First of all, in my years of HPUX experience, I always tried to avoid using SAM. SAM does many commands when you execute a function and it is hard to debug errors, as you are discovering.
Back away from SAM, decide what you are going to do, use the HP documentation and man pages and do it, step-by-step without SAM in between you and the environment. This has always been my method-of-operating in an HPUX environment. That is not to say that SAM is 'not good' because I use it to add users, groups and other less complex tasks. However,
for non-trivial tasks or tasks that are giving errors, I immediately move from SAM to the command line.
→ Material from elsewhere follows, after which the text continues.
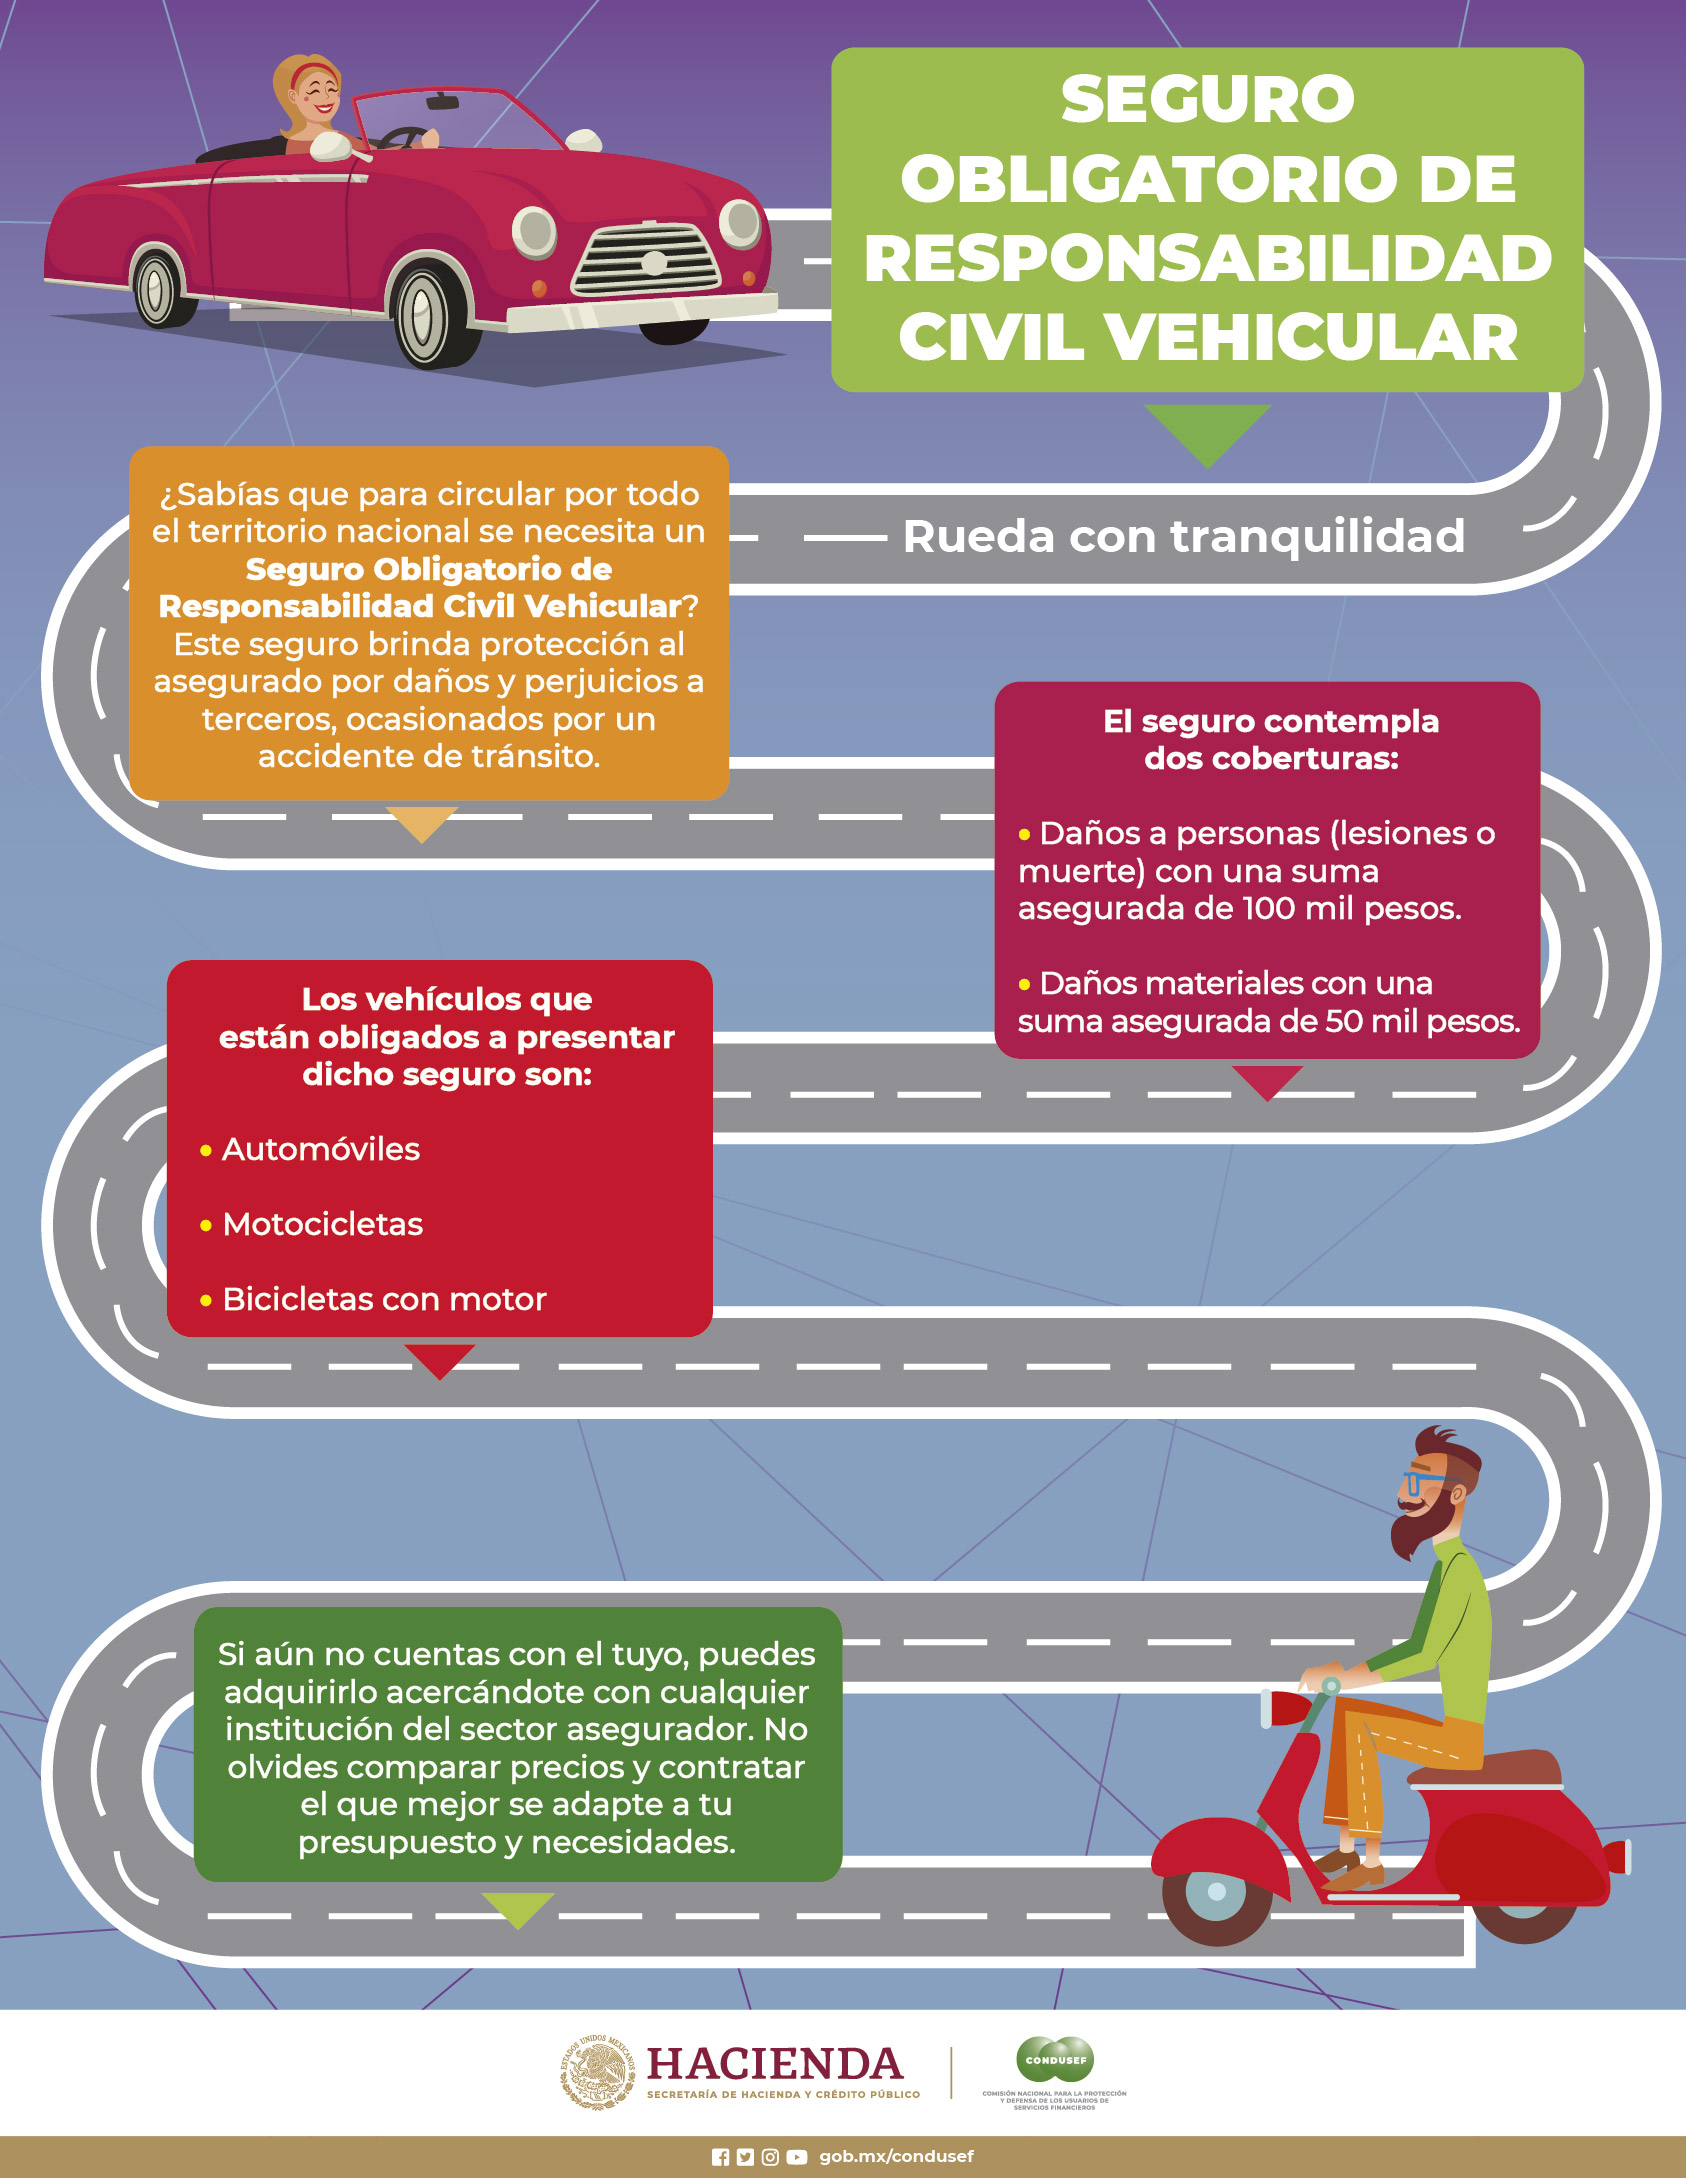 /cms/uploads/image/file/574518/Seguro_Obligatorio_de_Responsabilidad_Civil_Vehicular-01.jpg

Now, assume you are at the command line. Take a look at the files and their permissions, write them down, etc. Start your reconfiguration step-by-step. If that does not work and you get errors, for example with frecover(); I would use a system call tracing utility to find out what is the exact HPUX system call returning the error and the arguments being passed to the system call. Sometimes the return codes of the systems call are much more informative that the text messages in the console. You will have to read the detailed man pages of the system calls to get this information. Somethings you will have to go into the header files in the associated system libs and look for the #defines in the right includes to get the next level of details.
I don't recall the name of the HPUX system call trace utility, something like ptrace() or strace() or something like that. There is one however, and learning to use it will become one of your greatest sysadmin debugging tools.
However, in many cases, just executing the task from the command line, step-by-step, in a controlled manner, with lead to a discovery of the problem. It may not be necessary to go a level deeper into system call tracing; but you will surely learn a lot about your environment getting out from under SAM and into the nuts-and-bolts of the task at hand.